Kahraman Kim?

Kahraman Kim?
Who is The Hero?

16 Şubat 2011 Çarşamba

Hastane Günlüğü (4) | Mart/Nisan 2010

lastscan4

* Bizim tüp bebekle gebe kalan hastalar yıllarca nasıl gebe kaldıklarını gizlerler... Tıpkı onlar gibi meğer bizim çocuklarda da ne çok kalp ağrısı yaşamış, anjiodan sınıfta kalmış, balon stent uygulatmış insan varmış! Ben kendimi yine en birinci benim diye düşünürken! 1995'de Foça'da sevgili Hasan Sözer'in elinden en küçük çocuk sahibi ödülü almıştım. By-pass'ta da ilki ben tutturmuş olmalıyım dedim. Ama anladım ki bu iş gizli tutulan bir ayrıntıymış.  Göğsünü kabartarak anlatılacak bir yanı olmamalı. Gerçi tişörtümden bir fazla düğme açtığımda göğsümdeki bıçak izi ortaya çıkıyor. By-pass sonrası ilk berbere gittiğimde, koltuktan yeni kalkan bir kır saçlı adam, gömleğinin düğmelerini fora edip bıçak izini göstermiş;  "ben bak 20 yıl önce işaretlettim, hala dimdik ayaktayım, üzme kendini!" dedi.

* Bir zamanlar doğumevlerinde adı numune olan hastanelerde hasta karyolalarına bağlı üstü kirli spanç bezinden üretilmiş ipler göze çarpardı. Bir keresinde bu çekme ipine hastaların "süleyman" dediklerini duymuştum. Hastanın biri kocasının adını koymuş olmalı. Yaklaşık 1,5 ay bu ipi kullanarak yattığım yerden doğrulmak zorundayım. Evde 2 adet bornoz bağından oluşturduk bu çekme ipini. Devamlı düz yatmak ve kalkarken de bu ipi kullanmak, tam bir terbiye olsa gerek.

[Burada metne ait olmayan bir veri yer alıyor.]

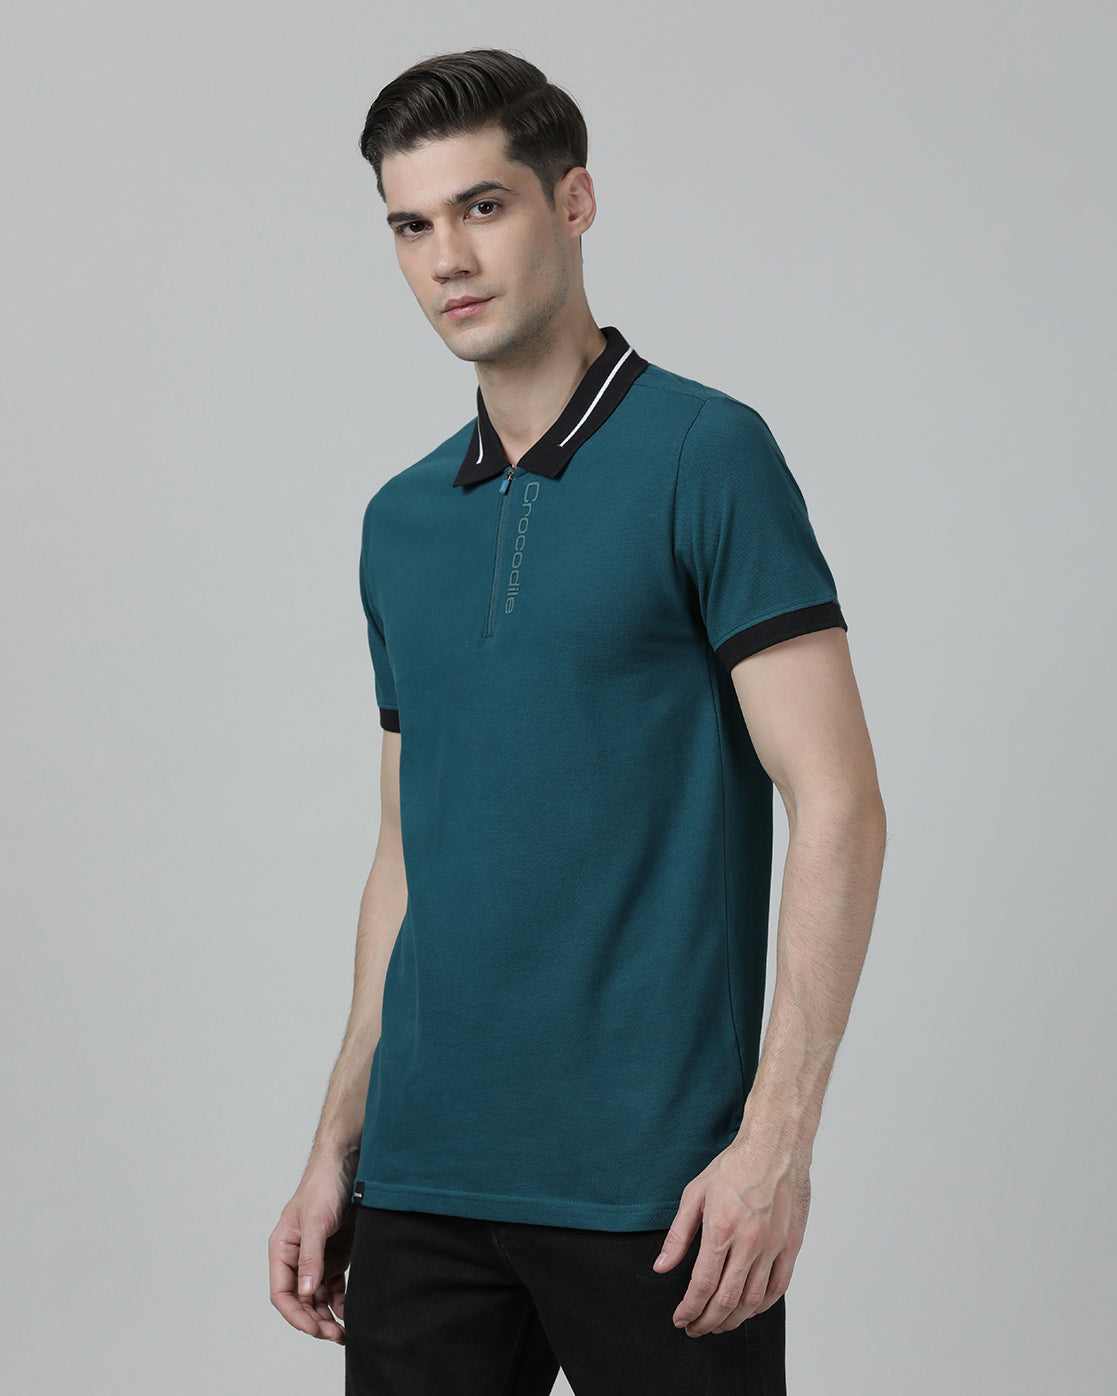 Casual Solid Printed Slim Fit Half Sleeve Teal Polo T-shirt with Collar
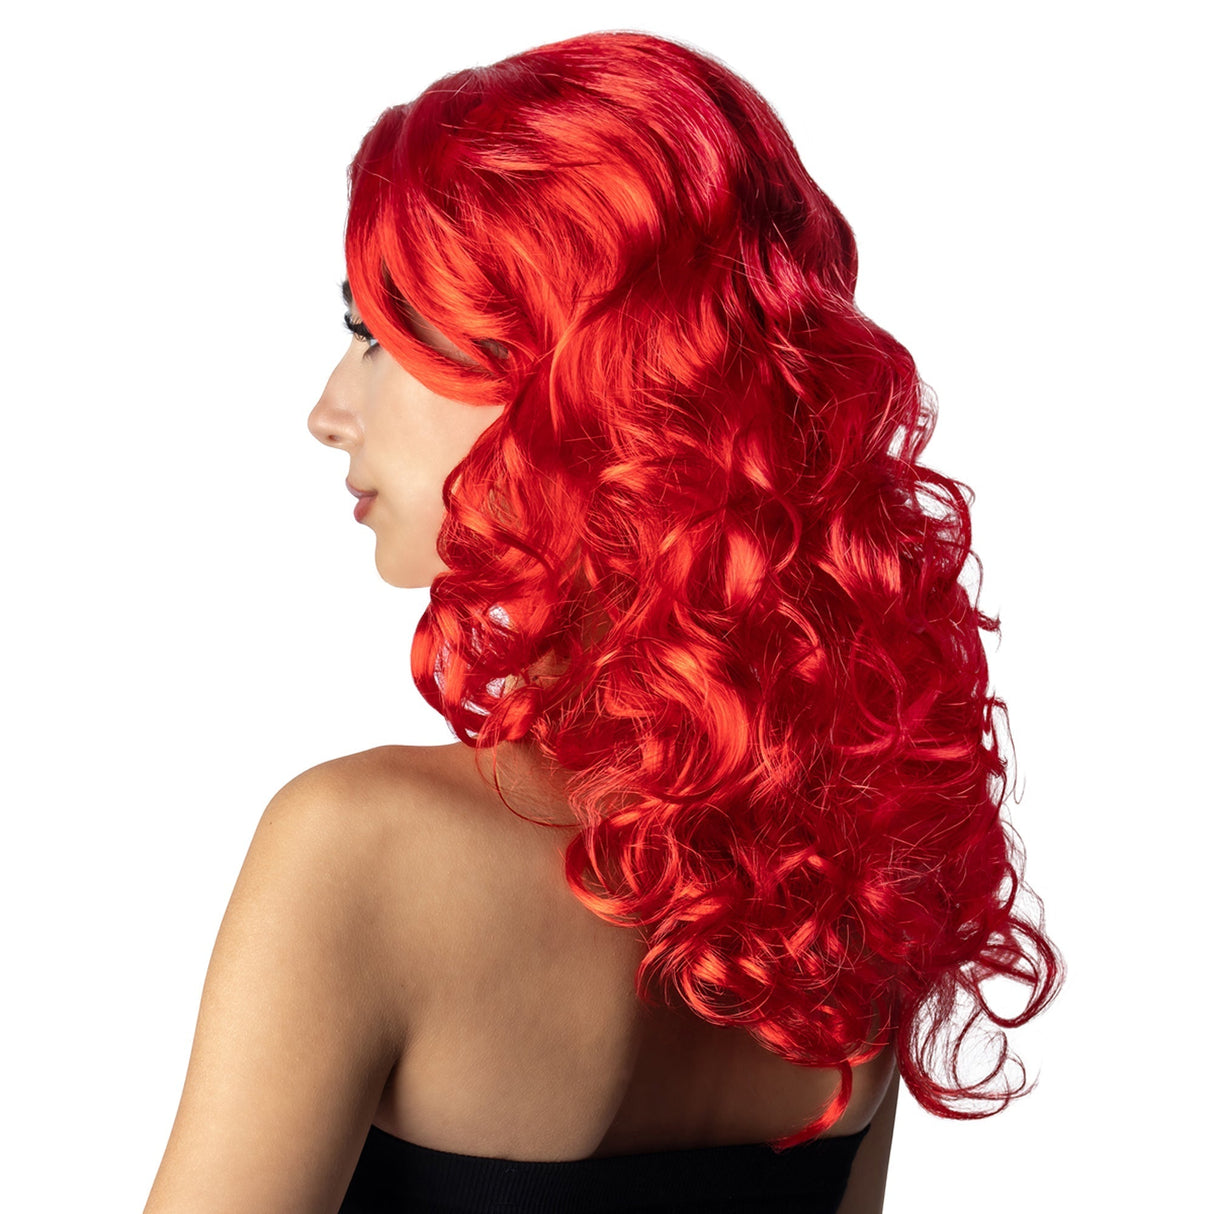 ANXIN WIG FACTORY Costume Accessories Wavy Red Wig for Adults 810077656693

* Dr. Tahir'e 3 şey soruyorum; sörf yapmak, tenis oynamak, motorsiklet kullanmak. Yapamayacağın 3 şey söyle desen bunları sayardım diyor. 1 yıl uzak durmam gerekiyor bunlardan.

* Bizim sınıfın en cin'i Dr. Levent olmalı. Operasyonun 4. günü uğramıştı, üstelik 1 gün öncesi Hematokrit düşük diye kan transfüzyonu yapılmış, yüzüme renk gelmişti. Beni çok iyi bulduğunu söyledi söylemesine ama o akşam üzeri Yahoo grupa ulaşıp "<I>herifin durumu iyi değil, ceset gibi yatıyor!"</I> demiş... Biz tam herşey düzelecek derken kendimizi 2. operasyonda bulduk, meğer Levent kokuyu önceden almış!

* Hem ameliyat öncesi, hem de sonrası ziyaretime gelen Dr. Ahmet Altıntığ, ömrünü kalp üzerine adamış bir hekim. Biz hekimlikte geçen 30 yılımızla övünüyorsak, O 33 yıldır kalple uğraşıyor. 

* By-pass hastası ölüme yaklaşmış, ölümlü olduğunu harbiden öğrenmiş biridir. Artık yaşama bir başka gözle bakması normaldir. Daha bencil olabilir, huysuz olabilir, ya da tam tersi kuzu gibi sakin, uyumlu, giderek gamsız, dünya yıkılsa umursamaz olabilir... Bu değişimi nedense bacaktan alınan damara bağlayanlar olur. Bir kısım insan, "çok uzun süre uyutuluyorlar, kalp devre dışı, beyin alışmadığı uykuya yatıyor, ondandır" diyenler de olur. Bana sorarsanız ne o ne öteki; açıklanamayan bir Susurluk kazasından farkı yok olayın.  Yolunuzda giderken hem de yaşamınızın Mersedesi ile, küt diye kamyonun biri üzerinize çıkıyor! Başlıyorsunuz nerde kalmıştık demelere. Ha sahi biz nerde kalmıştık?